18. Get standard delivery - if there's something you absolutely love from Topshop or H&M and you make an exception just the once, getting standard delivery can help offset the environmental impact a tiny bit. Getting next day or express delivery results in a lot of labour, often for people who aren't paid enough for what they do, and a lot of transport to get the delivery to you on time.

19. Buy local - pretty simple! Get's rid of transporting emissions, and you're supporting local business!

20. Only use dishwashers when they are full.

21. Do your washing up without the tap running - filling a sink full of water and washing in there reduces a lot of water wastage.

22. Dry your clothes on a rack - tumble driers, unfortunately, use a lot of energy. In this article by the Guardian, they state that if all households with a tumble dryer dried one loaf of washing outside each week, instead of by machine, they would save over a million tonnes of CO2 in a year. It isn't always practical to dry your washing outside or on a rack, especially in damp, small uni houses, but doing it where possible is a great way to try and help the environment a little.

23. Only wash your clothes when they really need it.

24. Try not to use paper towels/ napkins.

25. Recycle where possible - this is an obvious one, but make sure to check what you're trying to recycle is actually recyclable, and avoid non-recyclable plastics where possible.

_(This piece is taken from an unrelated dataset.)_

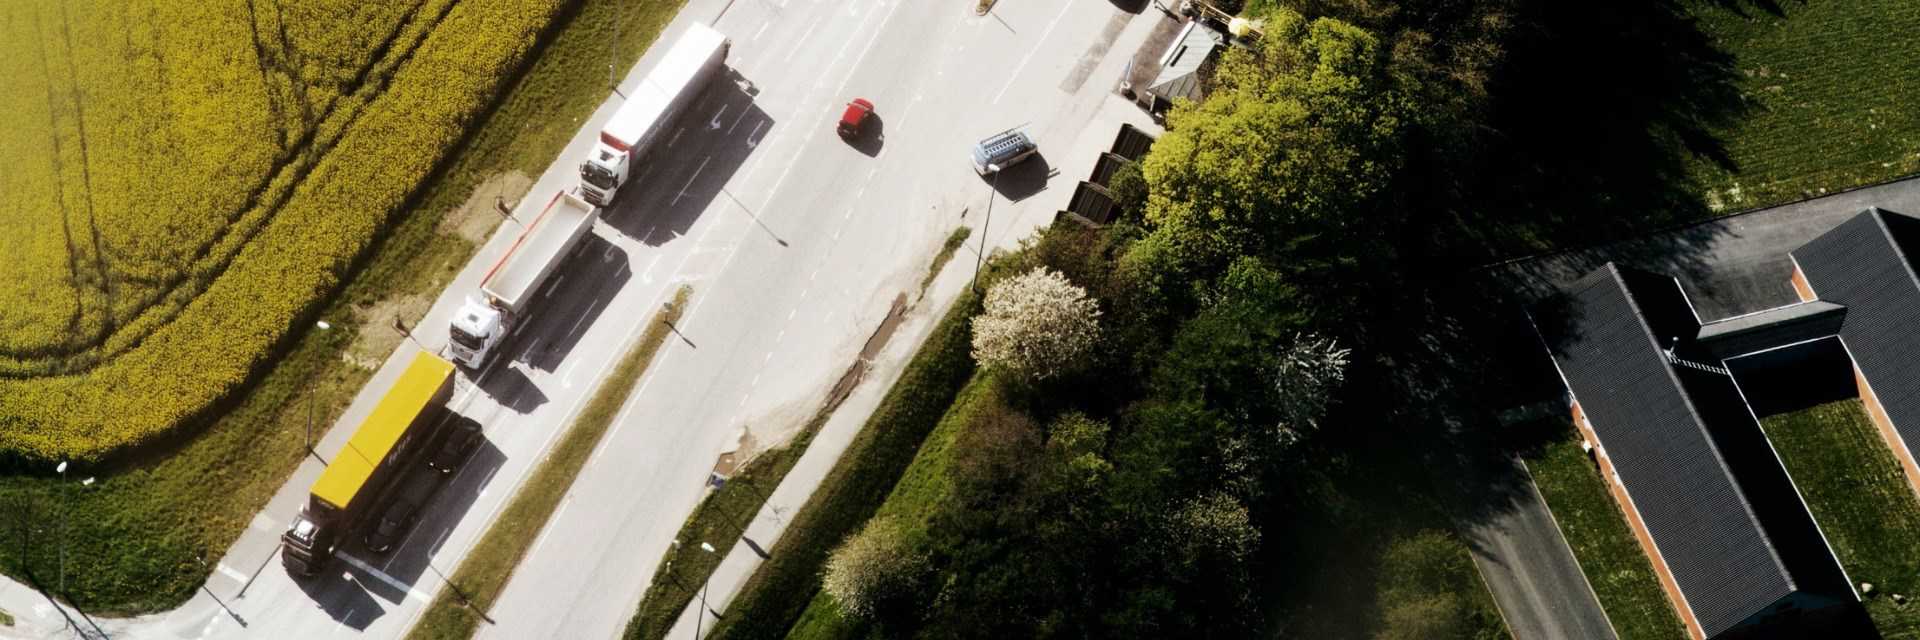 Luftfoto af en vej med tre lastbiler og fire personbiler. På begge siden af vejen er der grønne områder.

26. Use energy efficient lightbulbs.

27. Ecosia browser & Forest app - Ecosia is an 'eco-friendly browser' which works exactly like google, and after a certain number of searches it plants a tree! Similarly, I rave about the forest app 24/7 because it's so good for studying and motivating yourself. Basically, it's an app that allows you to grow a tree for a certain amount of time, and it doesn't allow you to go on any other apps whilst its on. You collect a coin for every 5 minutes you concentrate, and once you get 2,500 coins you can plant a real life tree. It costs £1.99 but it's worth every penny.

28. Use e-tickets - e-tickets are now available when you go on the train, fly, go to shows and events, and they save on such a lot of waste and are so convenient!

29. Drive less - public transport (if it's good where you live) is such a good way to help the environment! Otherwise, walking and biking, and even car sharing are great options!

30. Attend a march / protest.

I hope this post helped even with just a couple of switches you can make in your everyday life! Have you got any other tips and tricks for helping the environment?